The OP has listed his/her choices as: D600, D700, and D3.  All FX bodies...   Not once did they ask about the D7000 or any other DX body.  I'm just pointing out that the D800 gives you all the benefits of having a full frame camera and the 'option' of shooting in crop mode for extra reach. 

Outdoor sports: crop mode for extra reach...  Indoor sports: full frame for better ISO and full frame goodness.. best of both worlds.


----------



## AaronLLockhart (Oct 22, 2012)

TheLost said:
			
		

> The OP has listed his/her choices as: D600, D700, and D3.  All FX bodies...   Not once did they ask about the D7000 or any other DX body.  I'm just pointing out that the D800 gives you all the benefits of having a full frame camera and the 'option' of shooting in crop mode for extra reach.
> 
> Outdoor sports: crop mode for extra reach...  Indoor sports: full frame for better ISO and full frame goodness.. best of both worlds.



The d3, d600, and d700 will all auto adapt to "DX mode" when a cropped lens is installed. So, I don't see your point.


----------



## Patrice (Oct 22, 2012)

TheLost said:


> Hope you budget for new glass because your going to be loosing some needed reach moving from DX to FX.... A D700 with 12mp isn't going to let you crop much.




Where is the reasoning behind this statement? The OP has not given any indication as to the lenses he uses. For all we know he already has a bag full of top end Nikkor lenses.

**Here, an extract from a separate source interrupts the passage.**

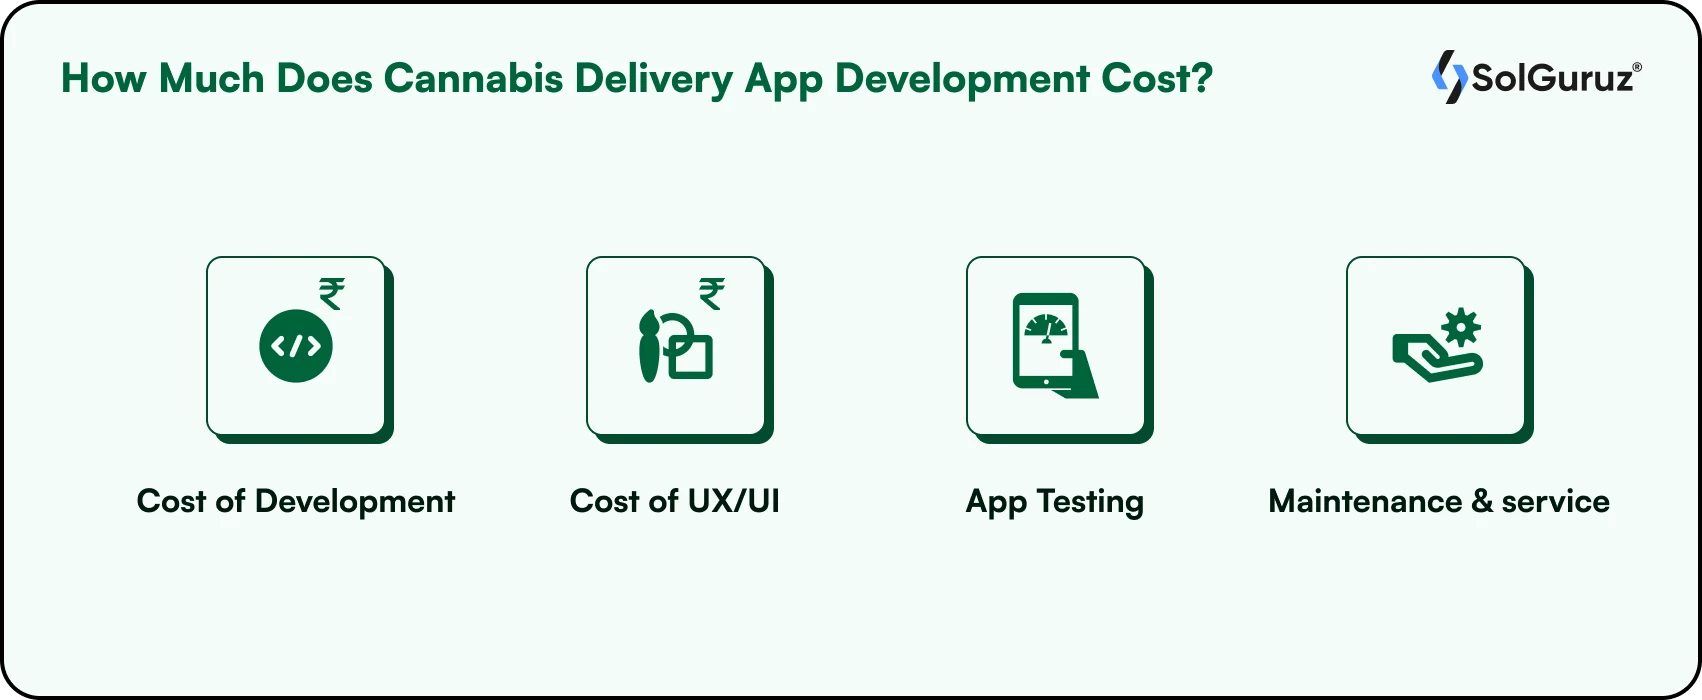 How Much Does Cannabis Delivery App Development Cost

I used D200's from when they were first introduced until last year when I bought a D700. Other than an 18-70 that came with one of the bodies the only DX lens I ever bought was a 17-55 and now I do not own a single DX lens. Why does it presuppose that owning a D200 means the OP is using DX lenses?

My regular sized Nikkors cover from 16 mm to 600 mm in combined primes and zooms. Some are older than most of the posters in this forum while others are just a few months old. Nikon has been making 'full frame' lenses for much longer than DX. I suspect a lot of experienced photographers using Nikon probably have more 'FX' lenses than 'DX'.


----------



## AaronLLockhart (Oct 22, 2012)

Patrice said:


> TheLost said:
> 
> 
> > Hope you budget for new glass because your going to be loosing some needed reach moving from DX to FX.... A D700 with 12mp isn't going to let you crop much.
> ...



i think the assumption comes from that the D200 is a cropped body, and cropped bodies typically use the "DX AF-S" lens systems. I'm thinking he didn't take into consideration that it will also use early model Nikon glass due to the fact it has the focus motor.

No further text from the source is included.